SUPPLIED MATERIAL |
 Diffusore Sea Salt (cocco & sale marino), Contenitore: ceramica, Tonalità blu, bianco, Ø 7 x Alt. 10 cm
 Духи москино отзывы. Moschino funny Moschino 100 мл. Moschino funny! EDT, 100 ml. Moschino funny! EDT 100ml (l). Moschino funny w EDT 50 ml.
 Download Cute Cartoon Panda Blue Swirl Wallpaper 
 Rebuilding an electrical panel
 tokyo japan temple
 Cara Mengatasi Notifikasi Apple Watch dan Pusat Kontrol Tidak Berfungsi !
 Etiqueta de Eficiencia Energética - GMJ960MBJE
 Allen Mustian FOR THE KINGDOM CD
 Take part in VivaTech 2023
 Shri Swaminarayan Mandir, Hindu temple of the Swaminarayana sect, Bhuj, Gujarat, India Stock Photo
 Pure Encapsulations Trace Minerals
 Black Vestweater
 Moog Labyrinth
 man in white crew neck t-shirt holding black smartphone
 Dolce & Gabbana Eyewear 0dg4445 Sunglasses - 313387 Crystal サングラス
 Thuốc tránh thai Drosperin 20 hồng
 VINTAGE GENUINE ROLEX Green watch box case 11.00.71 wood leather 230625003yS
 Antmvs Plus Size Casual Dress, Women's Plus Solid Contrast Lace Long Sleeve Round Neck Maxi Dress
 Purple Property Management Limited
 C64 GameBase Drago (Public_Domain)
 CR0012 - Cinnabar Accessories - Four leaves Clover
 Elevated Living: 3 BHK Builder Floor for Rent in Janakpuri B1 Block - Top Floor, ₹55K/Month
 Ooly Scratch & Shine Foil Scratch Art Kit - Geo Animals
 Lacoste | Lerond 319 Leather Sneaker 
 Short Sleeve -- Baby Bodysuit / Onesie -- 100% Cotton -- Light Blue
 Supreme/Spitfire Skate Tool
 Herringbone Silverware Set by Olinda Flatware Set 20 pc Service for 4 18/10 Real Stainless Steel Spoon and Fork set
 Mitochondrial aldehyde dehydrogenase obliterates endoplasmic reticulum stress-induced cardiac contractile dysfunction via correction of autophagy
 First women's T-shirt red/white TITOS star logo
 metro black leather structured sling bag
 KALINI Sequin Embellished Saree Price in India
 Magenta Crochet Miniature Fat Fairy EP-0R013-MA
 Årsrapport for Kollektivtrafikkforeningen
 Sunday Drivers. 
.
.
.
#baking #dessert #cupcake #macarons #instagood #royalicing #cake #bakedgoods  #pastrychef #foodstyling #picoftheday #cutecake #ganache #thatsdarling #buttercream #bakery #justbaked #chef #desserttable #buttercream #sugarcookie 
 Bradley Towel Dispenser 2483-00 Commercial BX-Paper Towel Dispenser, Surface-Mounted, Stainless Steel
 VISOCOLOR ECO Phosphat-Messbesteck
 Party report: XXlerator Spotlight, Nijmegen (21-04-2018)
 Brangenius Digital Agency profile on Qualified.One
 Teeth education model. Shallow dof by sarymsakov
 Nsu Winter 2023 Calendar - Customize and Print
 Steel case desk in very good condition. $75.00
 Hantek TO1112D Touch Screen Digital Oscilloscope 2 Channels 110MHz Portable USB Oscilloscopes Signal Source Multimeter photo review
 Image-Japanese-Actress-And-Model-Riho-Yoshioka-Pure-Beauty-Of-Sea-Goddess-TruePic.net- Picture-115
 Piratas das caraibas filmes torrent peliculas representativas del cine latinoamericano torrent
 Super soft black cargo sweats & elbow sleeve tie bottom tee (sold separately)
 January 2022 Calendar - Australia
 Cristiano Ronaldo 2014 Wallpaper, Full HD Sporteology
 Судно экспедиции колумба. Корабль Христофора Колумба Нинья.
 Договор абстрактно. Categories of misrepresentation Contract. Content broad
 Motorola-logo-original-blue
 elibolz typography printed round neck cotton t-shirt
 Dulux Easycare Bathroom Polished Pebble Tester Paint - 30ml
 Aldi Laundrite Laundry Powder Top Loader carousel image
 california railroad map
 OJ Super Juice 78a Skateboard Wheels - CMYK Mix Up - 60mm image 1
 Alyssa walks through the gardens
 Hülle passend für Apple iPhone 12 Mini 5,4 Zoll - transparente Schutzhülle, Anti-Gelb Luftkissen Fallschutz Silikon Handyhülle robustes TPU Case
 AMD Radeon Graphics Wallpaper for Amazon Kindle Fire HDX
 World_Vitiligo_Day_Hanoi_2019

WHAT NEEDS TO BE DONE |
The lines to copy are those in the records above containing the word "Wallpaper".

RESPONSE AREA |
 Download Cute Cartoon Panda Blue Swirl Wallpaper 
 Cristiano Ronaldo 2014 Wallpaper, Full HD Sporteology
 AMD Radeon Graphics Wallpaper for Amazon Kindle Fire HDX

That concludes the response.